Like the Down of a Thistle


Down by our antique barn near the sheep pen there is a big stand of thistle.  We have it all over the property, but the clump growing there is noticeable.  It’s a nice walk down the farm road towards the barn and the old farmer’s cottage.  The way is shaded in spots by old trees, and there’s a small bridge over the pond near the pump house.  When you come up the little rise after the bridge you can see the old farm nicely, and it feels like you are really going back in time.

But what a racket when August comes. goldfinch Thistles draw the goldfinches, and those finches are noisy!  They have a pretty song, as finches tend to.  And when they fly in their loop-de-loop manner they sweetly announce, “potato chip, potato chip”.  That’s what I hear anyway.  You can put in any old words you like to the rythm.  “It’s marmalade, it’s marmalade” works fine, too.

Goldfinches love thistle seed.  You may buy it (and pay a fortune) as “niger” seed.  It’s the same stuff and finches of all kinds dote on it.   The goldfinch times breeding and nesting to the thistle plant.  The bird lines its little nest with the soft thistle down.  The flower blooms in July.  After it is pollinated it begins to look “downy”as it turns to seed.  The final touches can be put on the nest as soon as the thistle down starts to blow around.  So by the second week of August, you can hear the goldfinch fledglings begging to be fed.  They have a sort of flute-like peeping which is rather pleasant, but the urgency of their begging can feel a little stressful and may make you wish you could feed the baby birds yourself.
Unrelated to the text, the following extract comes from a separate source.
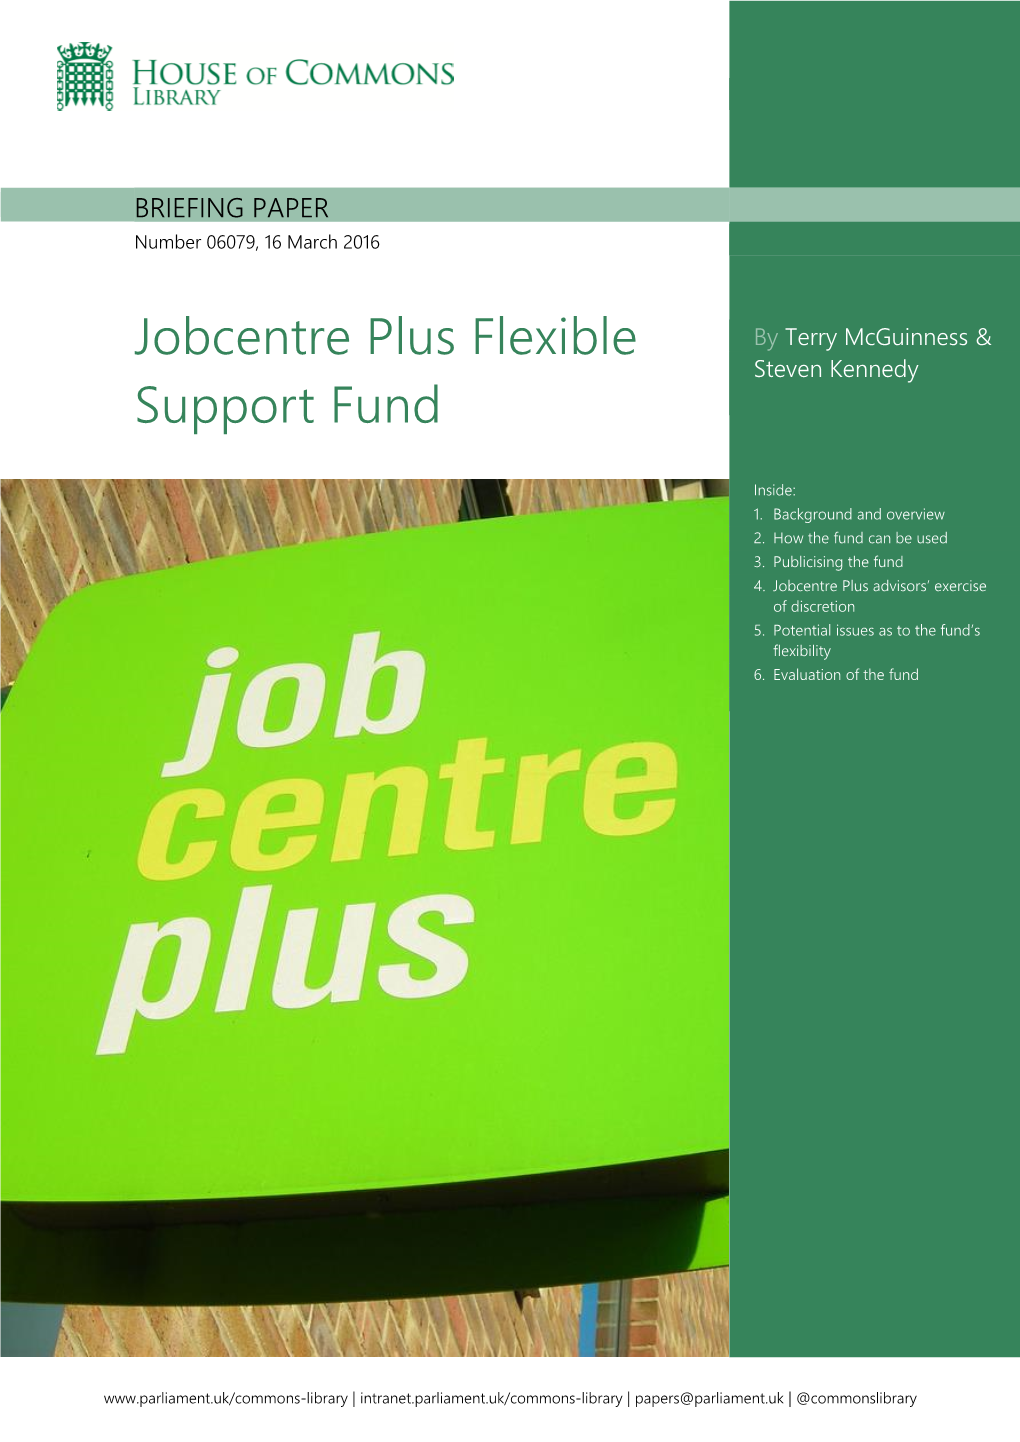 Jobcentre Plus Flexible Support Fund

Around here goldfinches are about the last birds to nest and raise families, and the sound of the young means August to me.  I start thinking about pencil cases and new shoes.  But the finches don’t have to turn serious the way we and the migratory birds do at the end of the summer.  Birds that go south  have to fatten up to make their big trip.   By now in fact, some have already left.  Swallows are gathering on telephone wires in big groups getting prepped to go.  Soon they won’t be swooping over the meadow anymore.  And shorebirds have been on the move since the middle of July.

But the finches are staying right here though they won’t be bright yellow for much longer.  Their color starts to fade to an olive green, and folks will figure they have gone south too.  But they’ll  just be wearing their winter coats.   The shortening of daylight hours triggers the change.  In spring, the lengthening day will cause them to go yellow again.

thistle downThe thistle they love so much is an “alien”.  Like most of our wildflowers, thistle was introduced to the New World accidentally.  The way the story goes, settlers (the lucky ones) brought mattresses with them from home.  The bedding was stuffed with thistle down (native over most of Europe and Asia) and when they  shook it out and changed it for fresh, the thistle seed dispersed and took root.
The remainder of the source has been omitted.